TASK DETAILS:
Quote the whole listing word for word. Do not include the pictures.

STORED DATA:
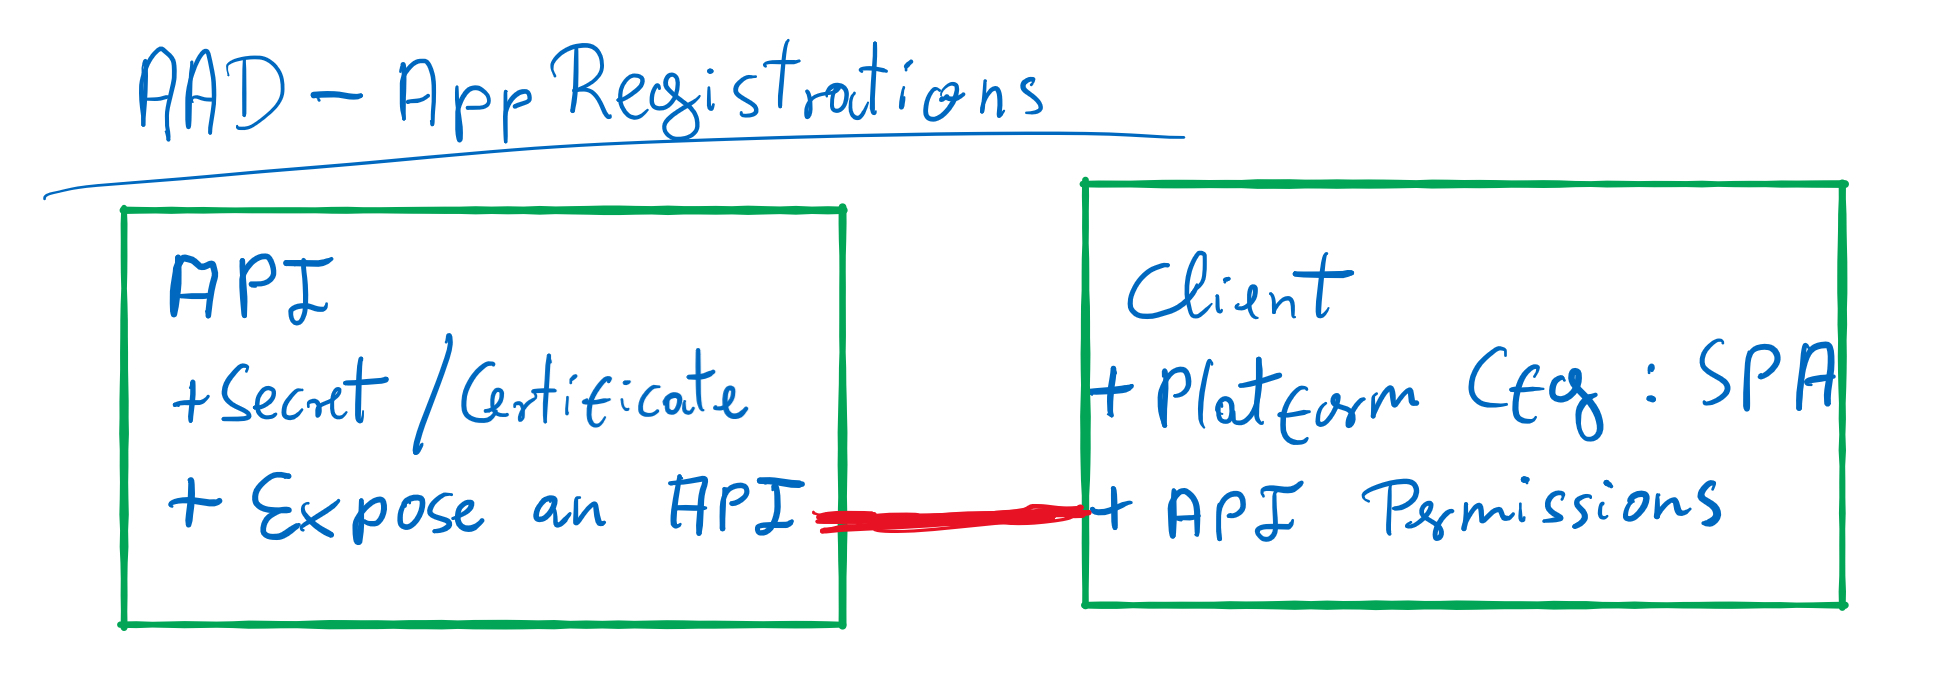 App registrations inside AAD
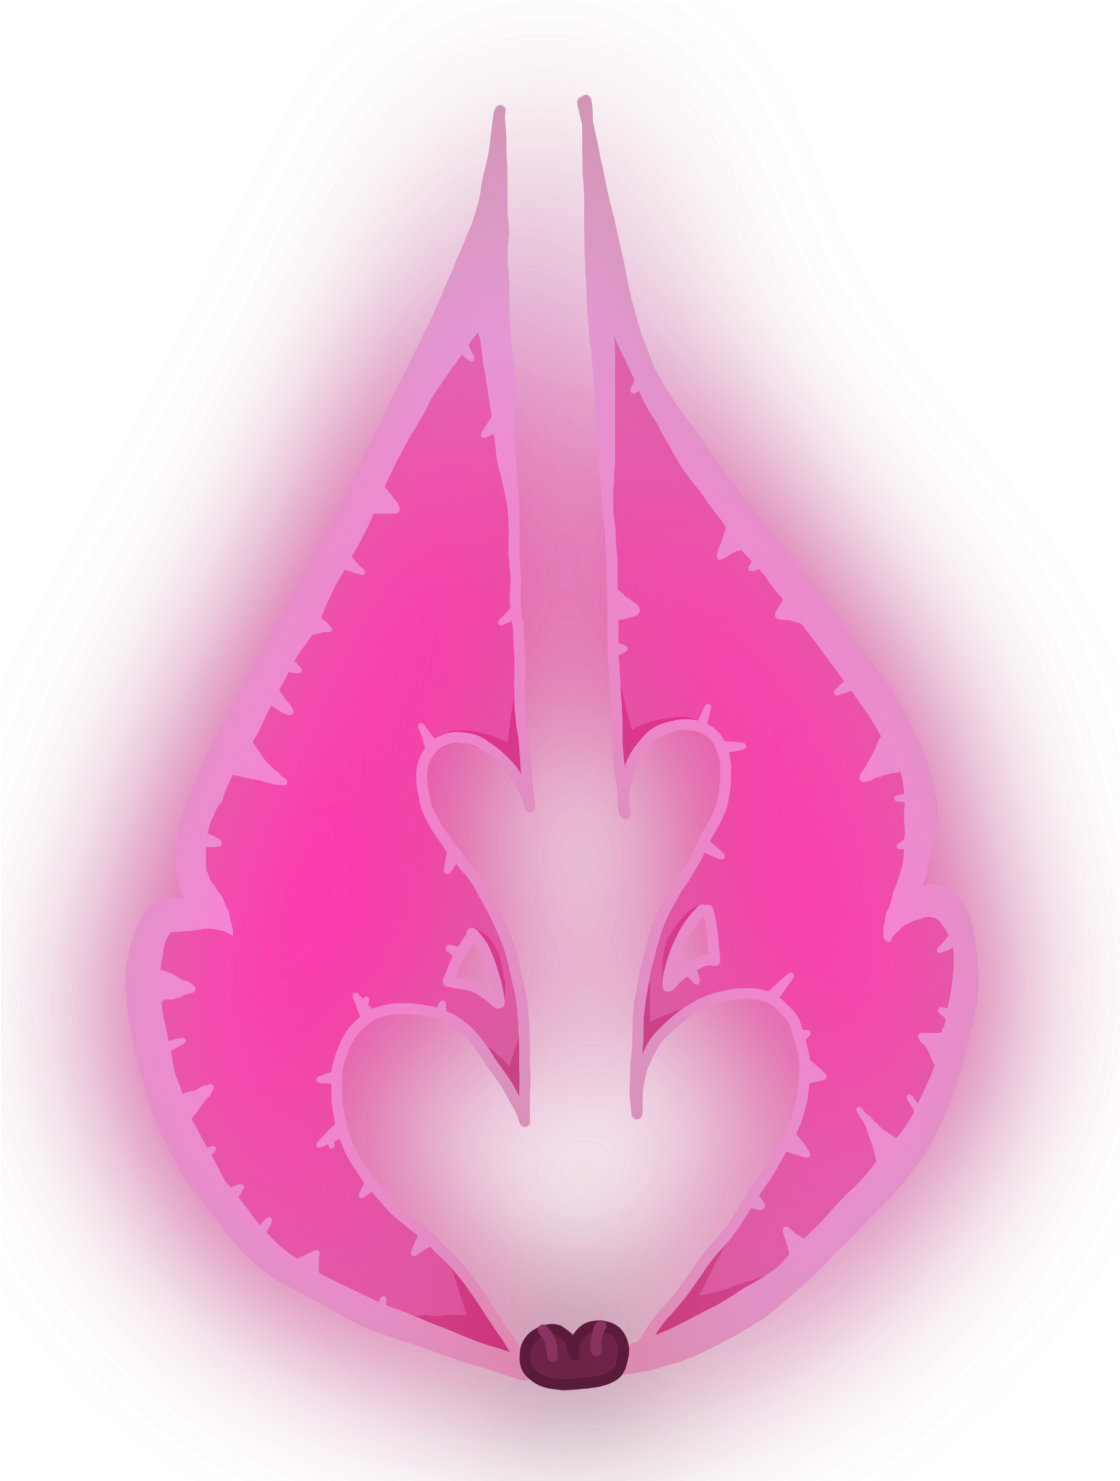 I Hope This Heart-shaped Energy Sword Makes U Feel - Emblem (1128x1480), Png Download
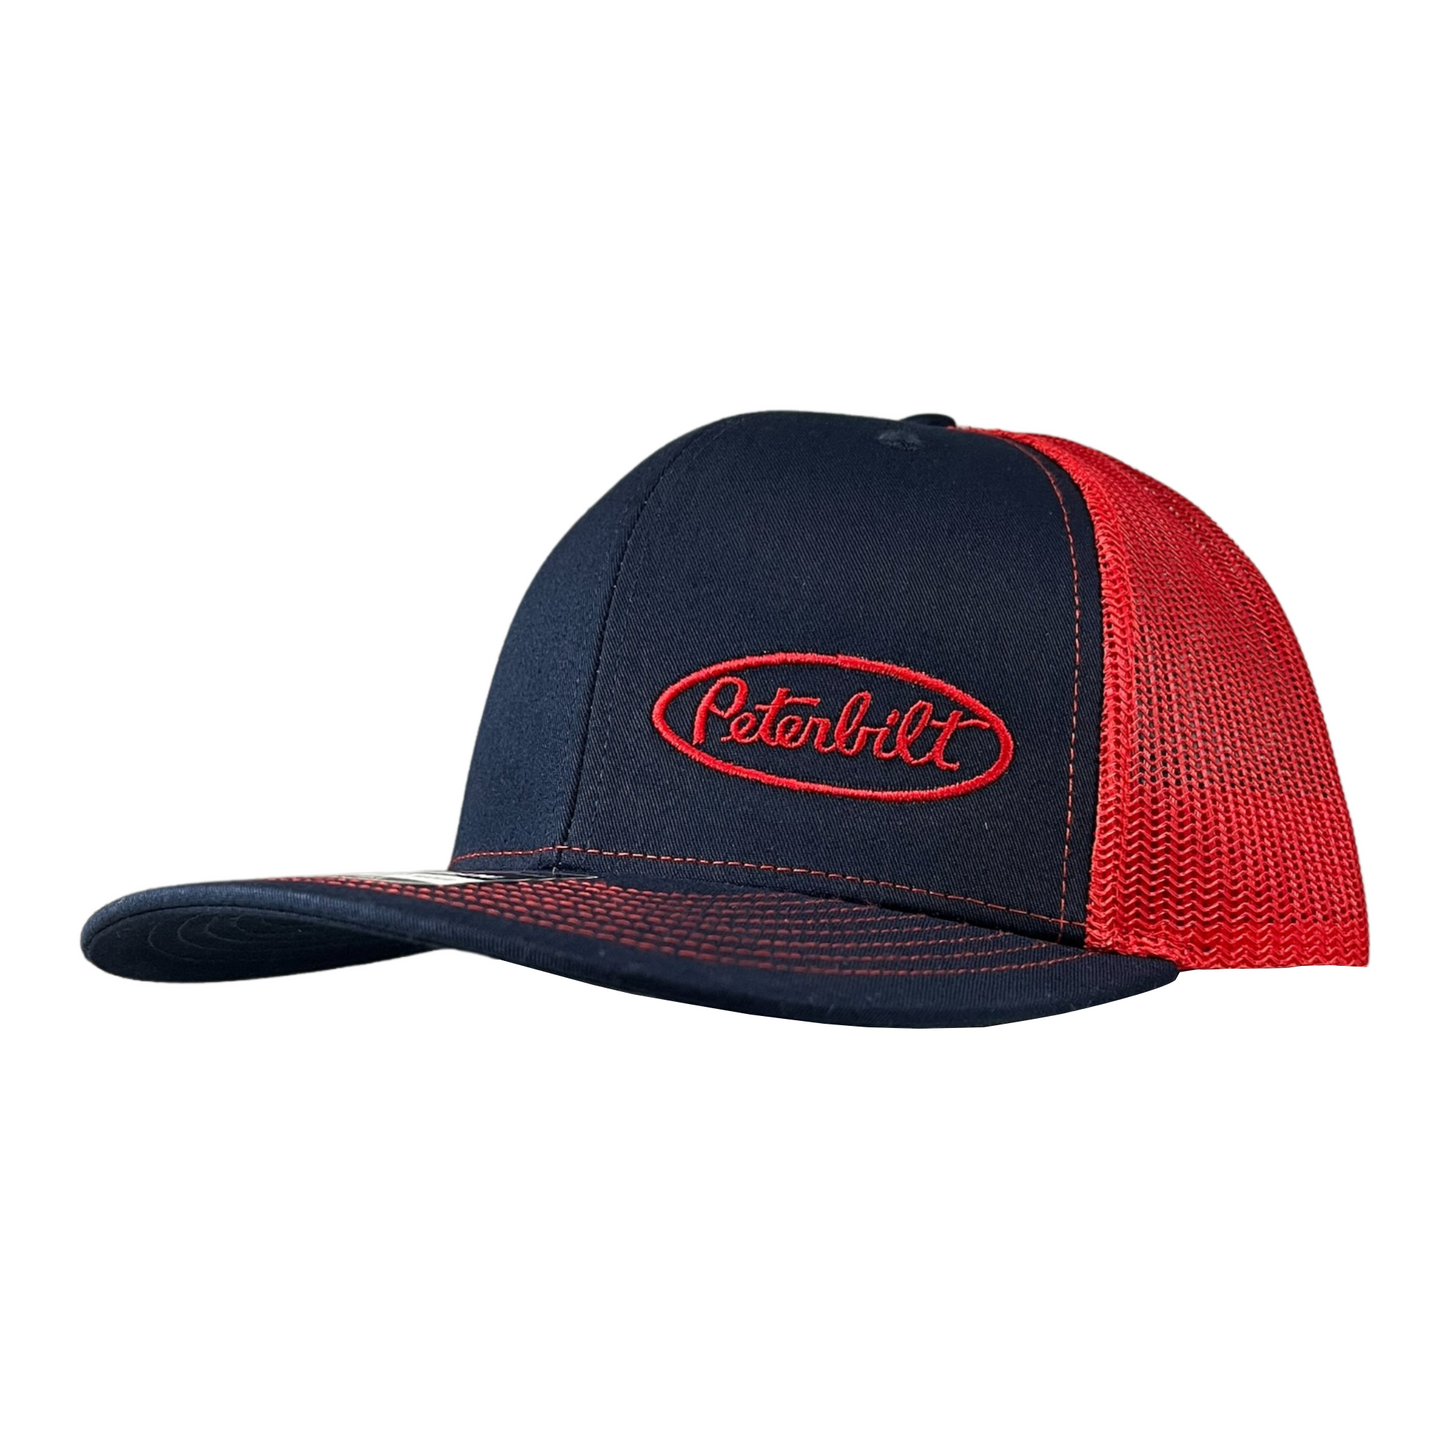 Classic Navy Blue and Red Peterbilt logo Trucker Cap

RESULT:
 App registrations inside AAD
 I Hope This Heart-shaped Energy Sword Makes U Feel - Emblem (1128x1480), Png Download
 Classic Navy Blue and Red Peterbilt logo Trucker Cap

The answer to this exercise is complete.